My Dad – one of my biggest fans (Race Report: Man-Up 10K)

I was never an athlete in high school or college.

Okay, okay, I know my sweet fiance is going to have a problem with that statement. I was never a competitive athlete in high school or college (or earlier). I swam on the neighborhood swim team when I was little. I’ve been a downhill skier since I was three years old, and have cross-country skied some in the last handful of years. And until fall 2010, while I ran to stay fit (not to mention sane), I wasn’t a competitive runner. I didn’t run cross country or track – I never had the confidence for it. Now, I’m still a mid-packer, but the speed gains I’ve made in the past year – purely competing against myself – have given me a new feeling: that of an athlete.

My dad, on the other hand, has been a competitive athlete pretty much all of his life. Since he was pretty young, he’s been a competitive swimmer. The last couple decades he has swum with the Ohio Master’s, and is competing in the Senior Olympics this summer in a few events. Our family definitely has a competitive gene, and apparently it is alive and well with me. But more than anything, it’s made it so my dad is one of my biggest fans.
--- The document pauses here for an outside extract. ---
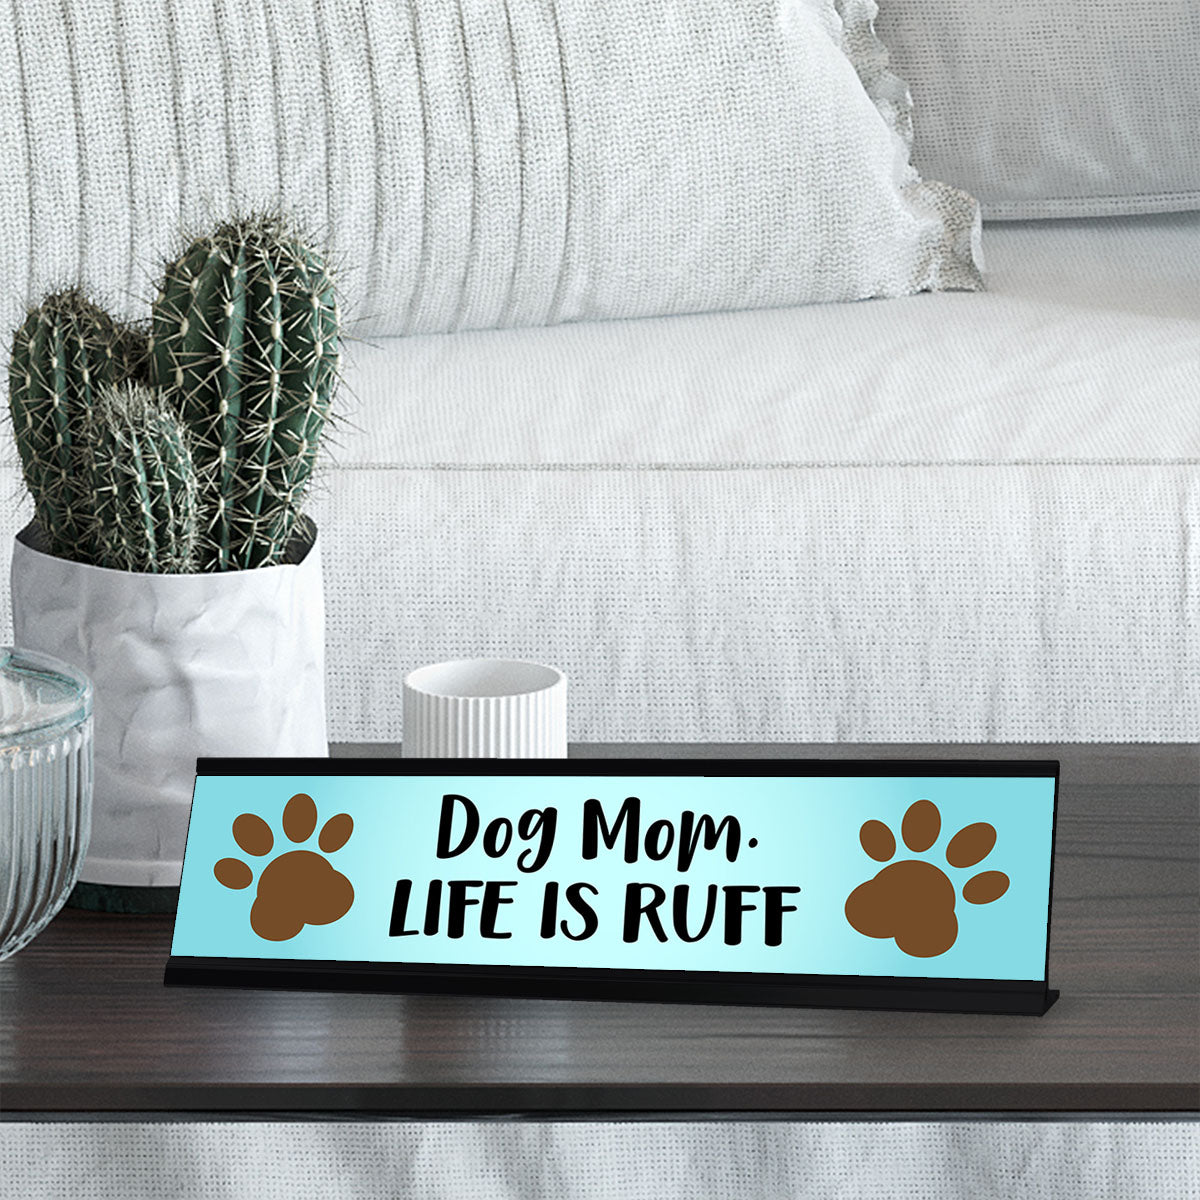 Dog Mom Life is Ruff, Aqua Colored Designer Desk Sign Nameplate (2 x 8")

My dad drove out to cheer me on at Spring Thaw in February – a 10 miler I was using as a training run for the Pittsburgh half. It was the first time he had seen me race, and having him there cheering me on gave me an unbelievable boost. So when Father’s Day rolled around and he planned to drive into Pittsburgh, I mentioned that I was running Man-Up 10K, the annual Father’s Day race for prostate cancer (which took my Granddad’s life after a 20-year battle, in 2009). This time, instead of a leisurely 10 a.m., the race was at 8 a.m., so he’d have to get up at the crack of dawn. I gave him an out – mentioned I was running it, but if he couldn’t make it that was perfectly fine. It was going to be extremely early after all.

But he came anyway.

We both woke up at 5 a.m. – in separate cities – as I got to work eating my oatmeal and hydrating and waiting for the pouring rain to ease (it did… temporarily). It was warm and muggy as I drove to the race site and picked up my packet, and even got a kind stranger to pin my “in memory of” bib to my packet. I love runners.

At about 7:40, my dad arrived, just after I had finished my warm up. I gave him a big hug (and my phone to hang onto – I just joined the smart phone train and hadn’t gotten a spibelt yet to carry the thing!). And of course snapped a couple photos.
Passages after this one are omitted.